Fortunate was it for Grindall that no ventriloquist added to the alarm;
for in those days Mr. Page could have made all these cloaks speak
whatever language he pleased, and thus the unhappy Grindall might have
suffered an ignominious fate under the statute of James the First against
witchcraft and sorcery. But the event soon showed there was no evil
spirit concealed in these cloaks; and if I may hazard an opinion at this
late day, I would account for all in a natural way. There was, no doubt,
daily, a strange appearance in each cloak previous to its leaving the body
of Grindall. It might tremble, and not only seem to, but really flutter
about his body; this simple circumstance, even in the present enlightened
times, would immediately grow into the marvellous. All these
strange appearances might arise from the bounding heart of Grindall.

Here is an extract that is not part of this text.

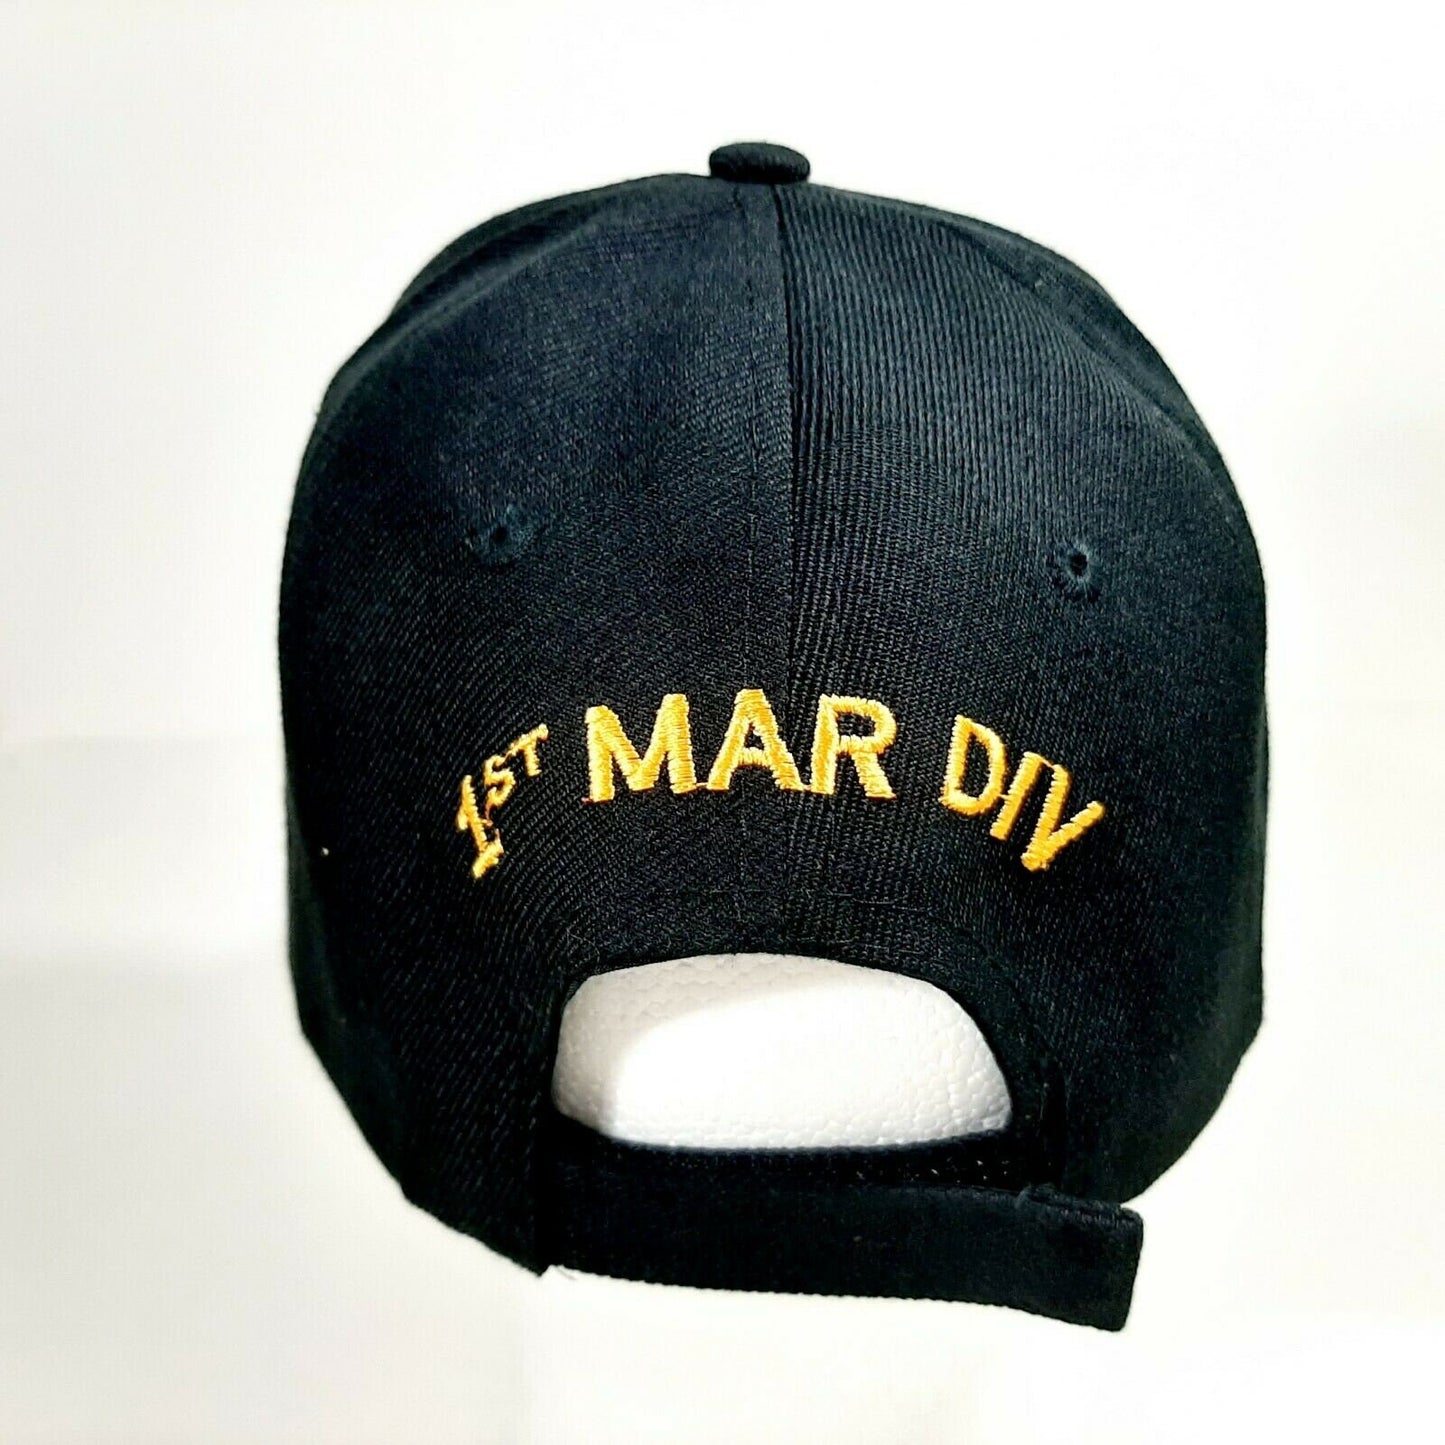 1st Marine Division Men's Ball Cap Hat Black Embroidered Acrylic

Every cloak that he gave away expanded his heart; it beat high with the
joyful assurance that, when all his cloaks had left him, he should become
a proper man. Hence the agitation of his heart caused him and his
whole establishment to tremble; and the supposed thunder was only the
throbbing of his heart. Greater mistakes than this have been made down
east, near Boston, where the good people of a certain town on the sea
coast lived a whole century, after the settlement of the country, on shags,
mistaking them for wild geese.
However the truth might be respecting this affair of the cloaks, one
thing is certain; it was near proving fatal to Grindall; for many of those
who came to receive a cloak in charity, when they saw its tumultuous
quaking, declined receiving one, through fear of catching the palsy. But
after a little while, when they saw these cloaks lie so quiet when cast off
from Grindall, and perfectly harmless to the wearer, the few remaining
cloaks became popular, although the last of them crankled the most and
danced the longest.
The Canadian traveller, on his return, remembered his promise, and
stopped to greet Grindall, who had just shaken off his last cloak. Grindall
regarded him with a feeling of awful respect. He stood silent; but
the traveller heard Grindall's heart speak. "Your looks, Mr. Grindall,
have told me all; you have found the remedy. You now know how to
keep yourself warm in the coldest weather. But in order to keep yourself
constantly warm, you must keep a constantly warm heart. None of
your sudden impulses, warm to-day and cold to-morrow. Most men are
governed by impulses, and they endeavor to offset against habitual
coldness, a single warm impulse. There is little merit in that. The
rattlesnake is still poisonous, although it may show you many golden
specks scattered over its back. In short, Mr. Grindall, if you desire
never to want another cloak, keep a warm heart; and if you are subject
to cold feet in winter, marry a worthy woman." Grindall followed this
advice; and before he died, became a proverb. "As good as old
Grindall," is still current west of the Green Mountains.